### PROBLEM
Exactly as written, print the lines from the top of the listing through the line containing "A Must-Read. John"; include no pictures.

### INFORMATION SHOWN
*** Block opens ***

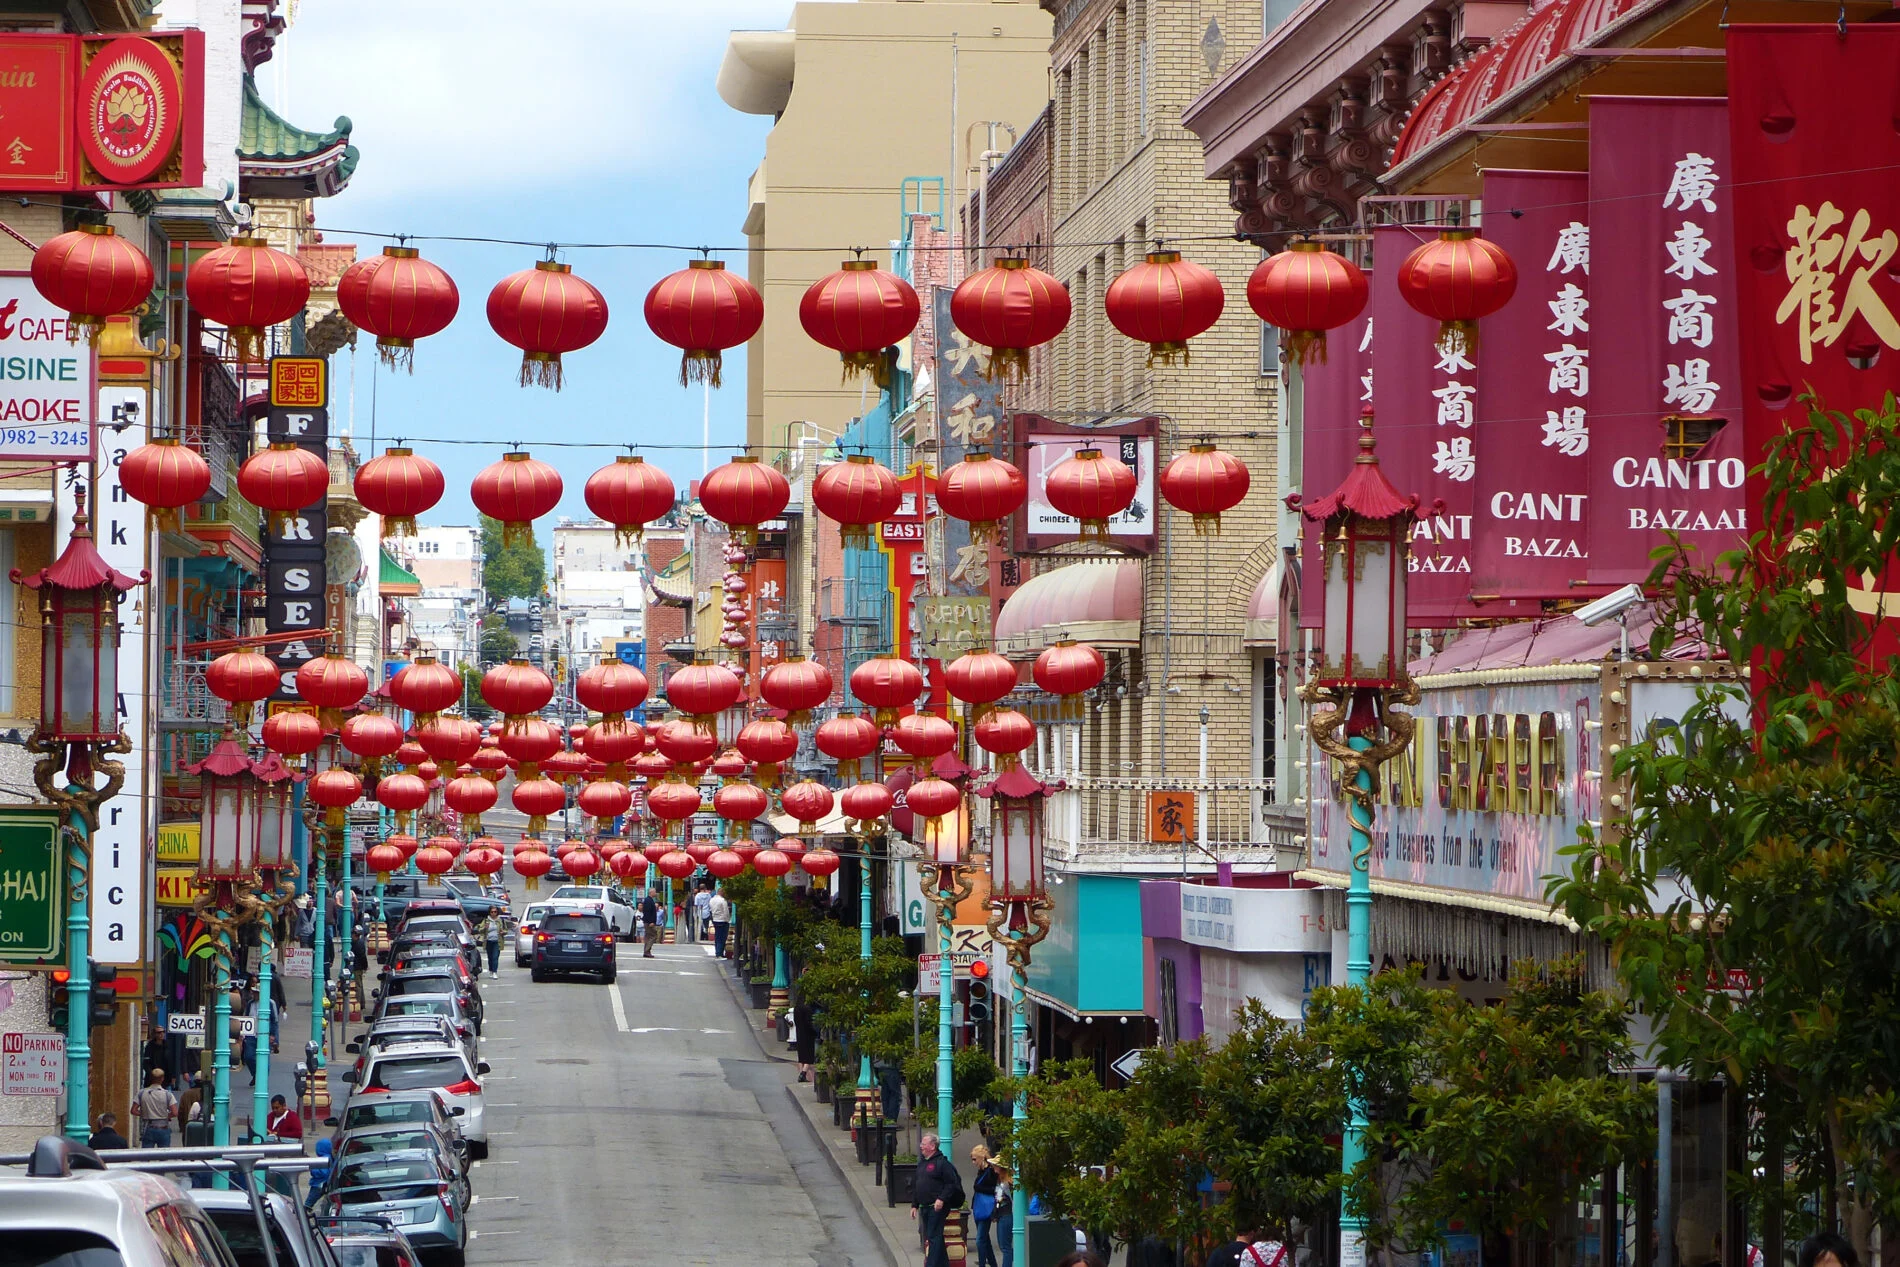 San Francisco’s Chinatown with row after row of red lanterns hanging over Grant Avenue.
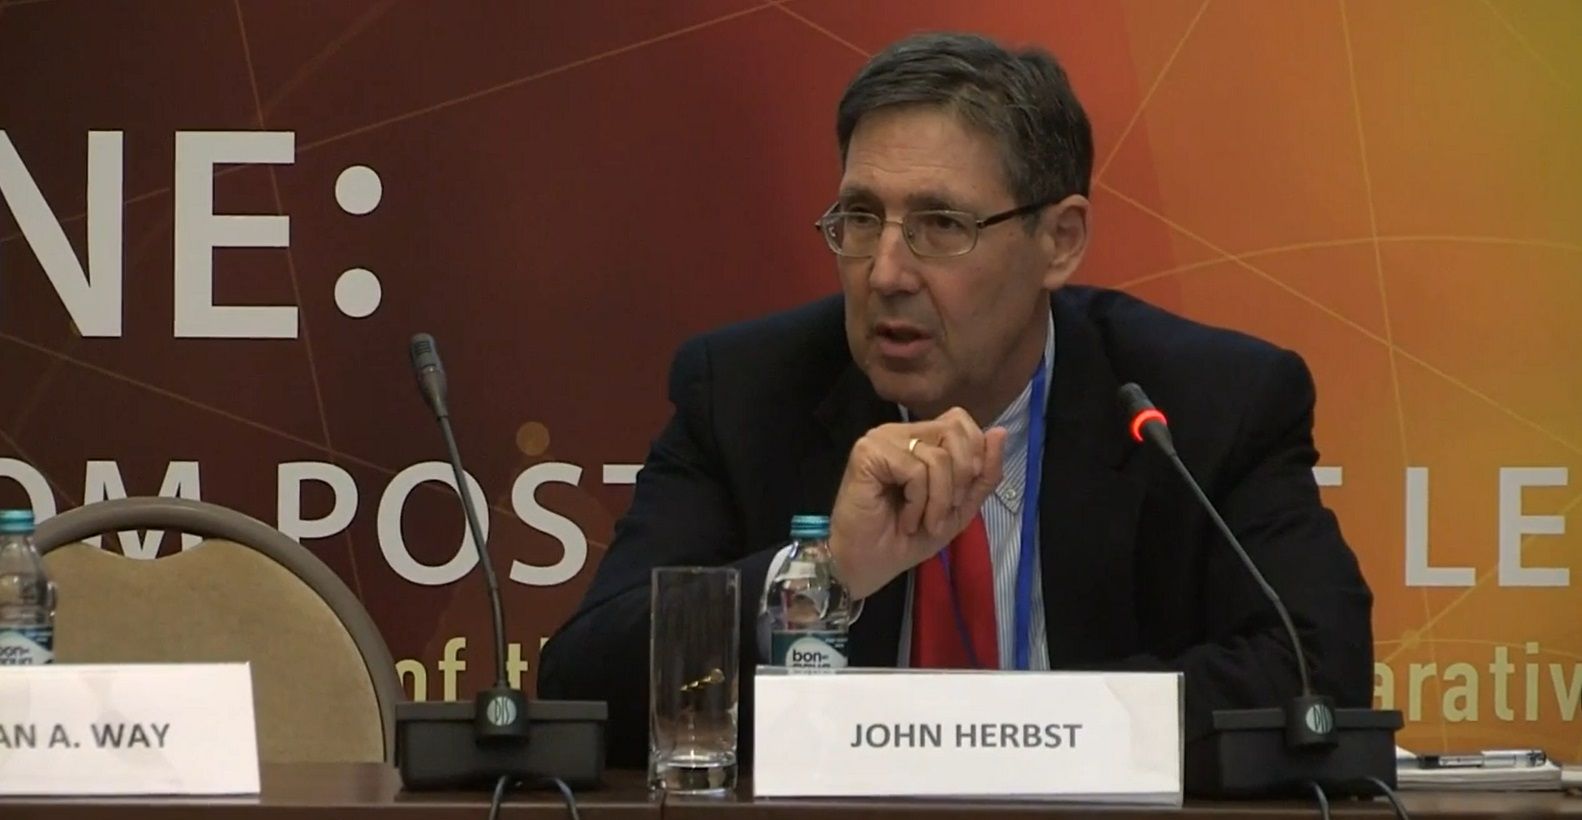 A Must-Read. John Herbst Speech: It’s Not Russia Against the West, It’s Reaction Against the Future
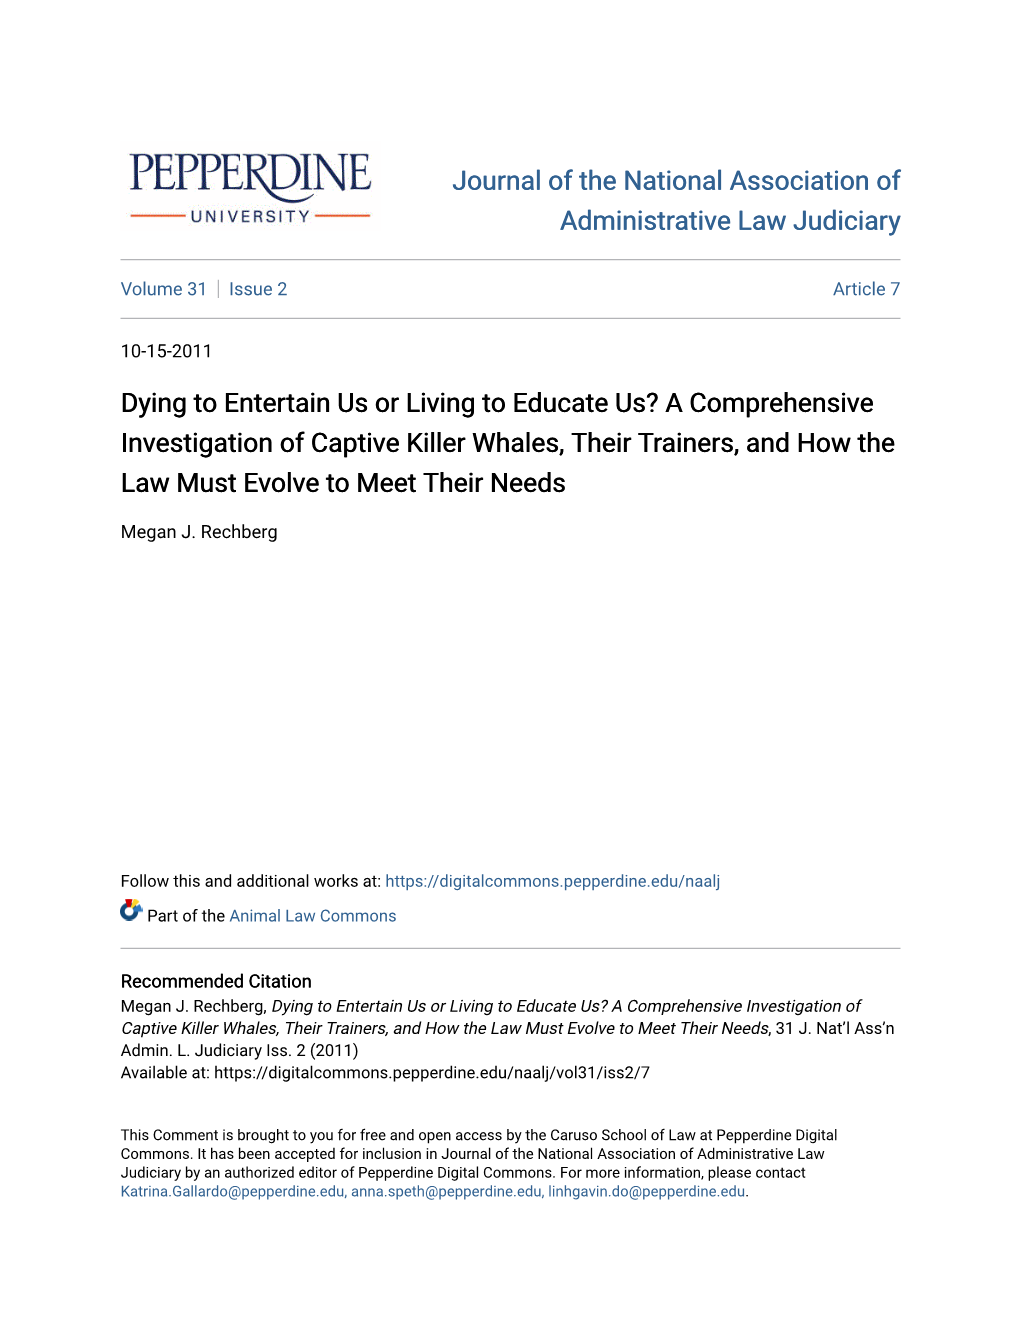 Dying to Entertain Us Or Living to Educate Us? a Comprehensive Investigation of Captive Killer Whales, Their Trainers, and How T
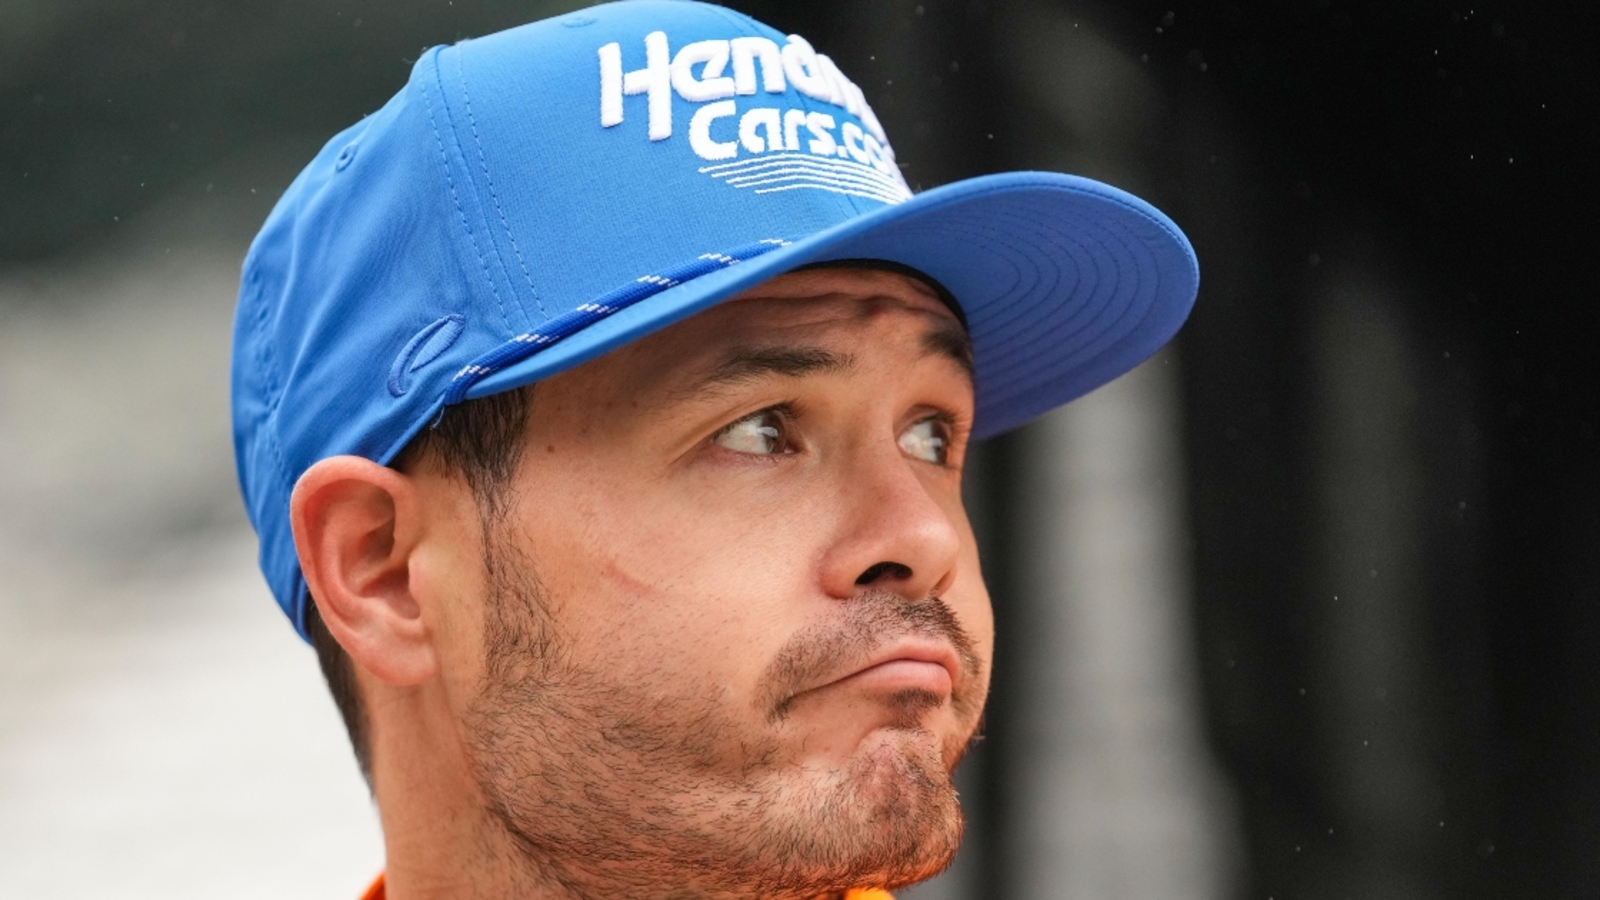 Kyle Larson misses valuable track time during ‘boring and frustrating’ day of Indy 500 practice

*** Block closes ***

### RESPONSE TO THE EXERCISE
 San Francisco’s Chinatown with row after row of red lanterns hanging over Grant Avenue.
 A Must-Read. John Herbst Speech: It’s Not Russia Against the West, It’s Reaction Against the Future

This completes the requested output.